Citizenship is replaced by a sectarian understanding of sectarian authority, as in a “partnership between sectarian minorities.” Mahdi Amel formulated a scientific rebuttal of this understanding. He defined the sect as a “specific political relationship that is defined by the history of class struggle”; that is to say, a sect only achieves presence and political cohesion through its relationship with other sects, its position within the state, and its proximity to authority in the network of interests that covers all the other sectarian components in the political system.

Sectarianism, according to this definition, is the system that best preserves the classist hierarchy and the dominance of the colonial bourgeois class (this is in communities with diverse confessional backgrounds, where tribalism might prevail in other types of community).

MD: When is a regime “sectarian” and when can we say that it is “instrumentalising sectarianism”? Is there a difference ?

Salameh Kaileh: Most of our sects are the product of the Middle Ages after the collapse of the Arab Islamic empire. This is the era that witnessed the formation of the majority—Sunnis–and religious minorities. Prior to that, Islam was the religion of the authorities, and thus class opposition would usually take a religious shape, but as a politicised class opposition.

There are four types of state sectarianism. When a sectarian power obtains authority over a state–i.e. it transforms these inherited beliefs into an ideological and political project–this becomes a sectarian state, with the power to enforce its beliefs upon the entire community. This is an extreme example that rarely materialises, because the kind of sectarian fervor needed for its success is usually only felt by small parts of the imagined community, who rarely have the necessary force to control a state. More often than not, this scenario ends with the disintegration and collapse of the sectarian state.

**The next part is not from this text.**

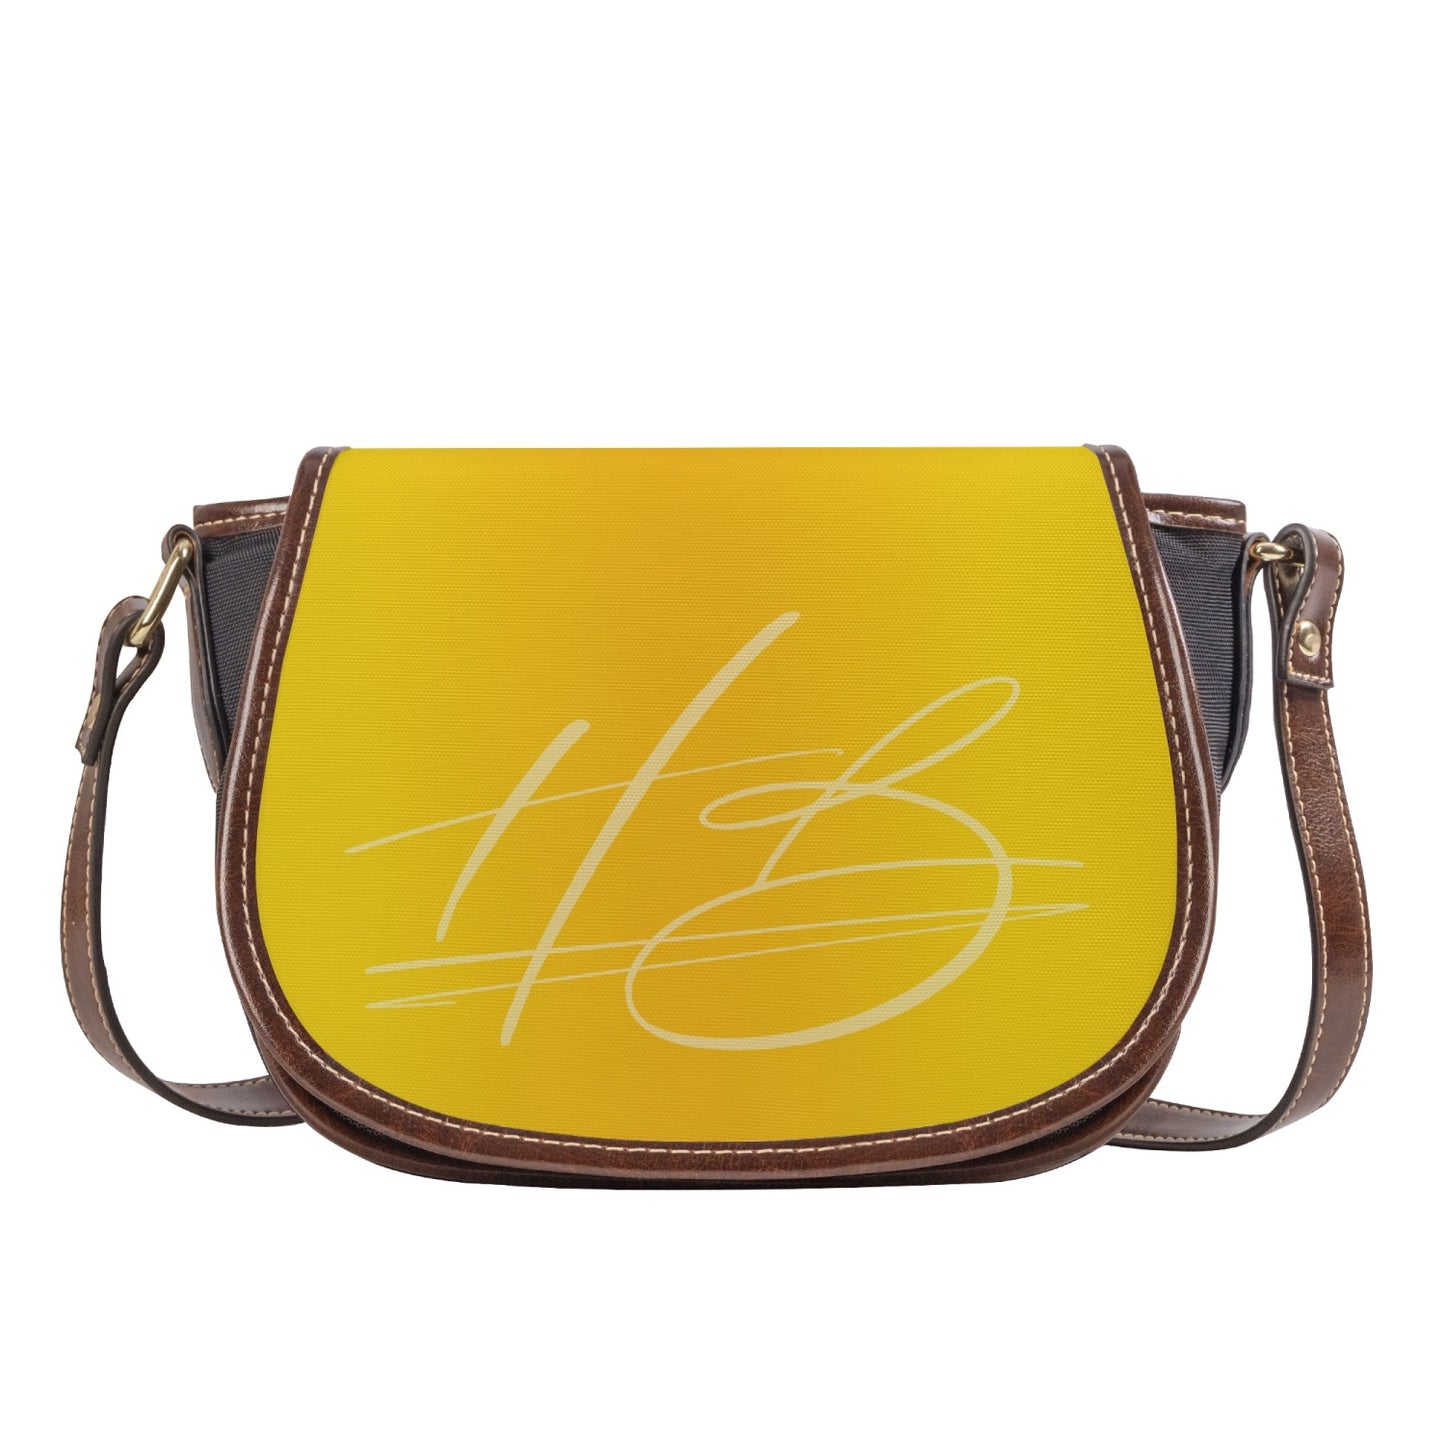 HB Vegan Leather Flap Saddle Bag - Gold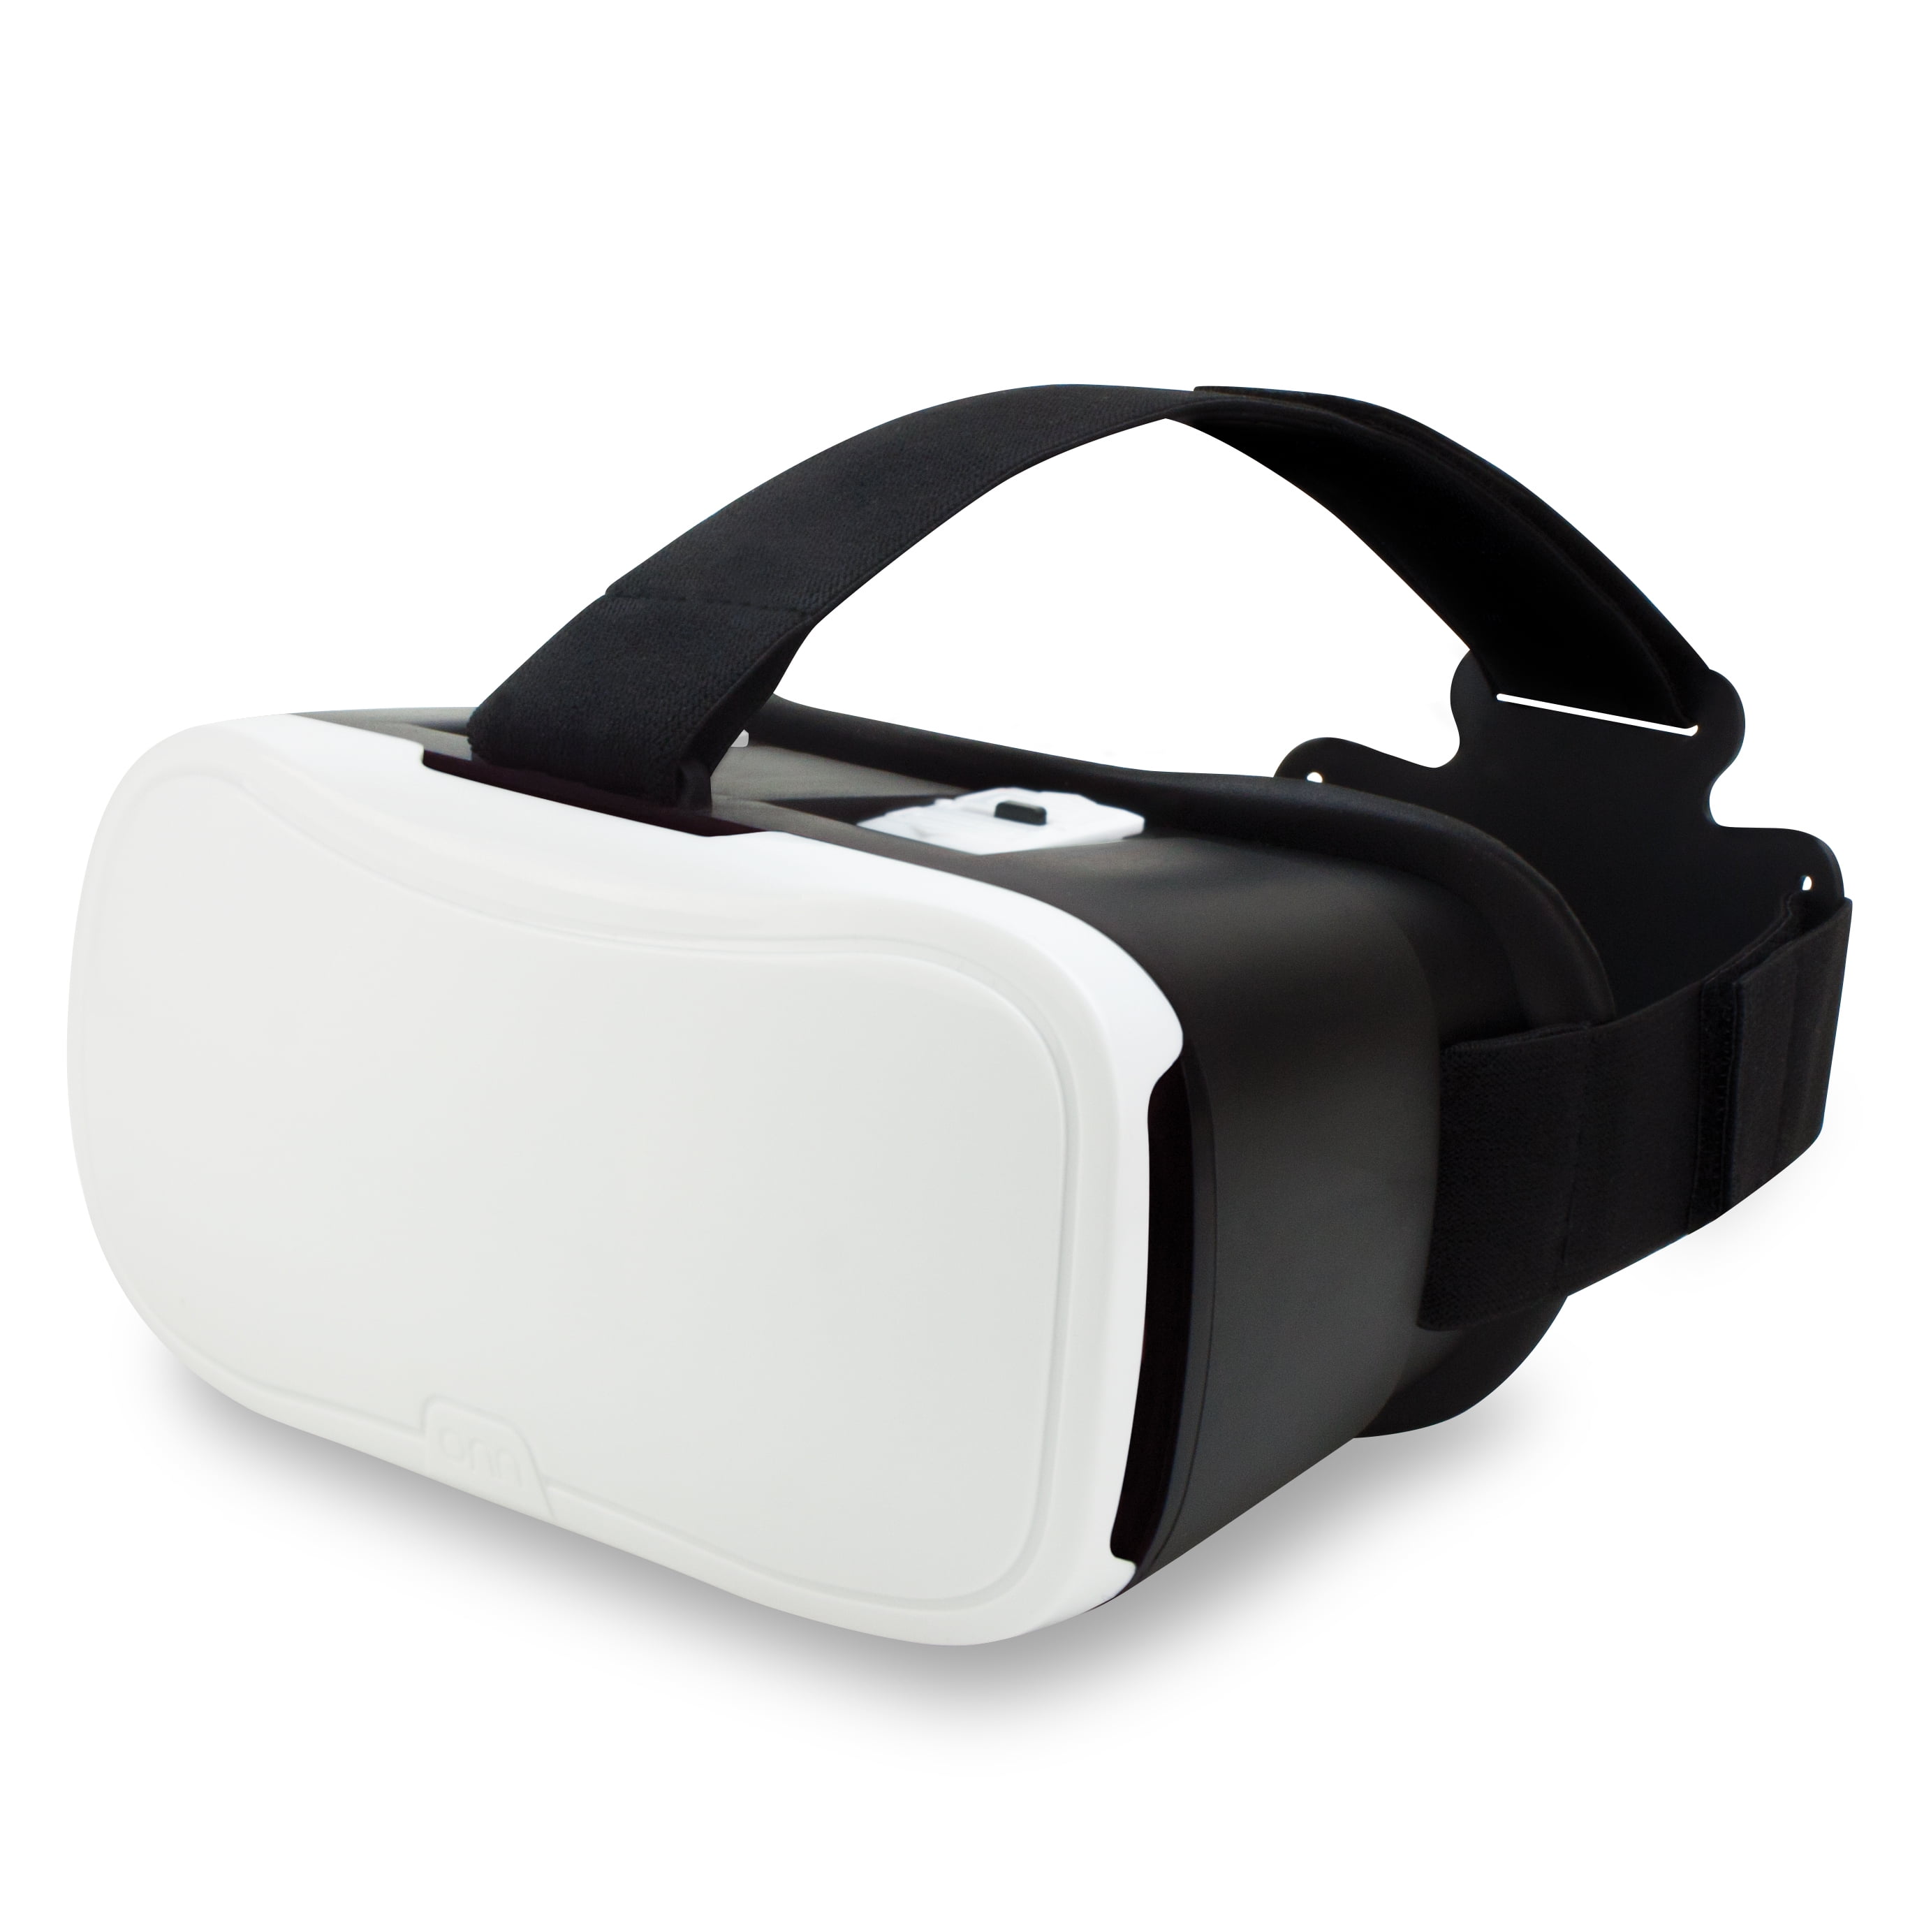 Onn Virtual Reality Headset White Walmart Com Walmart Com

Now, take the examples of the Muslim Brotherhood in Egypt and the Velayat-e Faqih (Guardianship of the Islamic Jurists) in Iran. Here we find that the ruling power is another type of sectarian power–i.e. it believes that it represents the majority, but it enforces the views of a minority. Here we can indeed say that the state is governed by a sectarian power. To ensure its control, these powers implement different control mechanisms, replacing the class hitherto dominant in the control of the state, while at the same time representing their interests.

When the Muslim Brotherhood won power in Egypt, as before that in Sudan and Tunisia, they represented what remained of a traditional capitalist sub-class (city merchants), a group who could only ascend to power by dint of their adherence to a fundamentalist ideology. The ruling class in Iran is the capitalist class linked to a denomination of Shia who believe in Velayat-e Faqih (a relatively weak current in the Shia spectrum).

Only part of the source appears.